On May 4th 1970 a place whose mission is to create, became a place of destruction.  A university that began as an institution to promote knowledge became a symbol of the ignorance and futility of war. Thirty seven years ago, four students were cut down in the prime of their lives on this spot, standing up for what they believed in, and against an unjust war. Since that day, Kent State grew, and continued with its mission, yet the irony is that America never did.
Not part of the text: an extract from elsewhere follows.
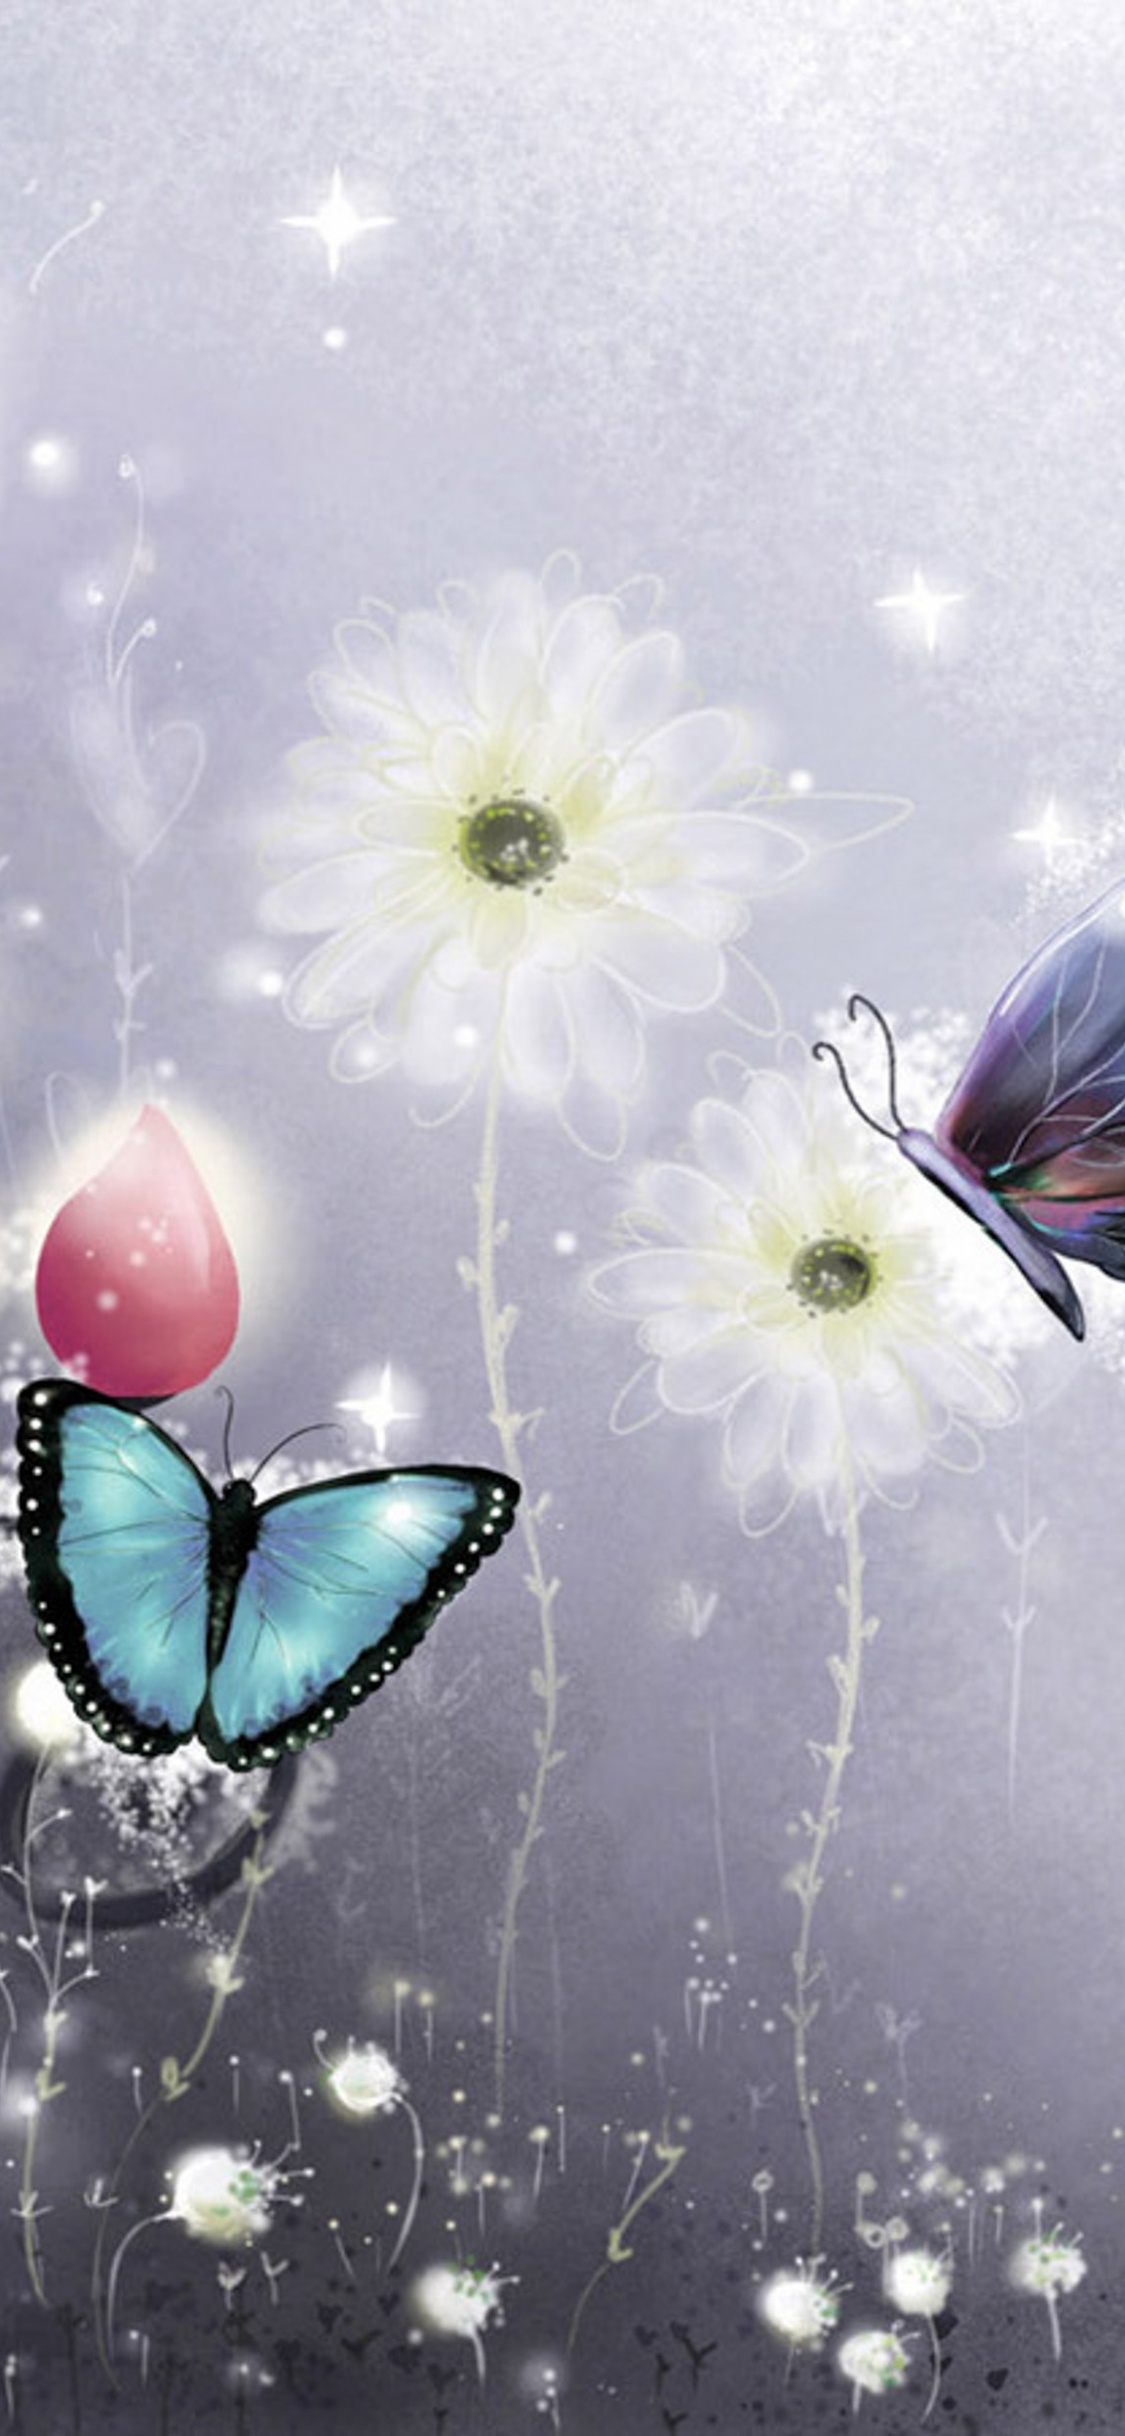 飞蛾和蝴蝶, 图形设计, 翼, 昆虫, 天空 壁纸 1125x2436 允许

Now we find ourselves fighting another unjust and questionable war, once again trying to make sense of the lives lost, those brave men like Casey Sheehan and Augie Schroeder who have served our nation honorably, and through no fault of their own, supporting an order handed down from an administration trying to achieve a political goal rather than confront a real threat to our way of life. I am here today to pay my respects to those who have fallen in Iraq, those who fell in Vietnam, and those four students who died on this hallowed ground, so that we may never find ourselves in this position ever again.  Some men and women protect and defend the constitution as a member of the military.  But for many, like us and the four slain students, we must fulfill our obligations in one of the most noble positions our society has: Citizen.   And never is this position more demanding than in a time of war.
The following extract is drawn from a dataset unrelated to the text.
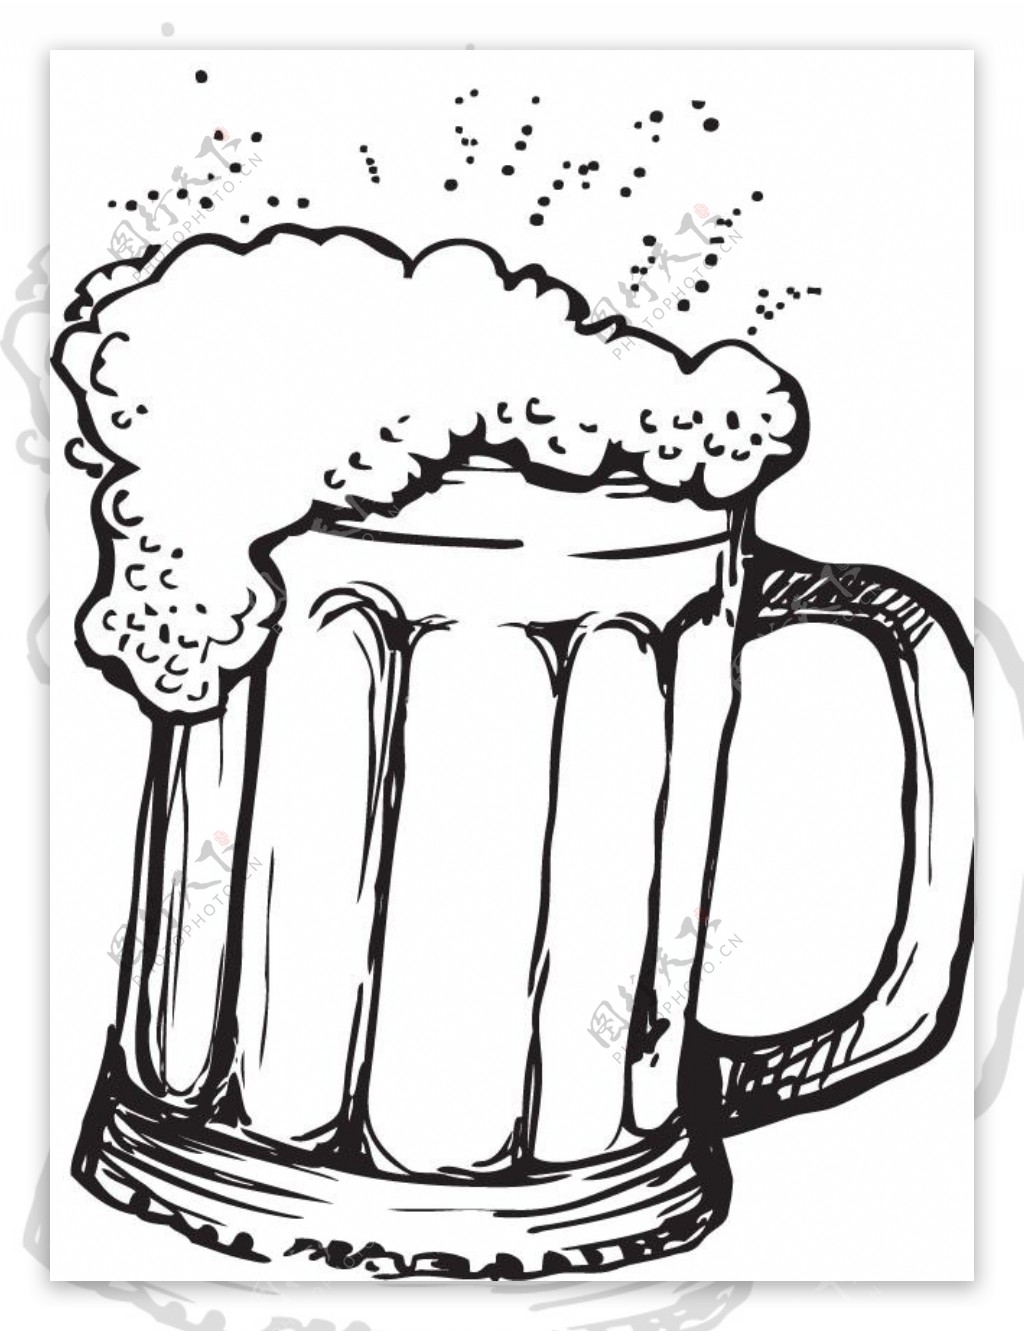 啤酒杯手绘元素图案

The parallels between Iraq and Vietnam are many.   Both misguided and unjust wars, both led by stubborn Presidents and both raged forward against the will of the American people.  Where these two wars differ though, is that history has yet to record how we handled the post-Iraq period. I believe we have a great opportunity for change. Just because we've had an unjust war doesn't mean we have to have an unjust peace.

The greatest tragedy of the Kent State massacre, of the Vietnam era as a whole is that our nation never healed. Our veterans from that terrible war still suffer from Post Traumatic Stress Disorder, and are scarred by the indelible wounds of an experience so horrible that many were never able to recover. Our nation as a whole suffers the same wounds, wounds that never fully healed and were reopened on that fateful day in 2003 when we chose to turn our backs on the lessons of the past and embarked on a misguided venture in Iraq.  Vietnam has clung to our public discourse for over forty years.  It defined a generation and its politics to the point that Vietnam defined the presidential election of 2004.   

The protests at Kent had one clear message:  Change.  Change our policy in Vietnam.  Change the role of the U.S. in the world.  And change the politics of manipulation.  30 years later, we still long for that change.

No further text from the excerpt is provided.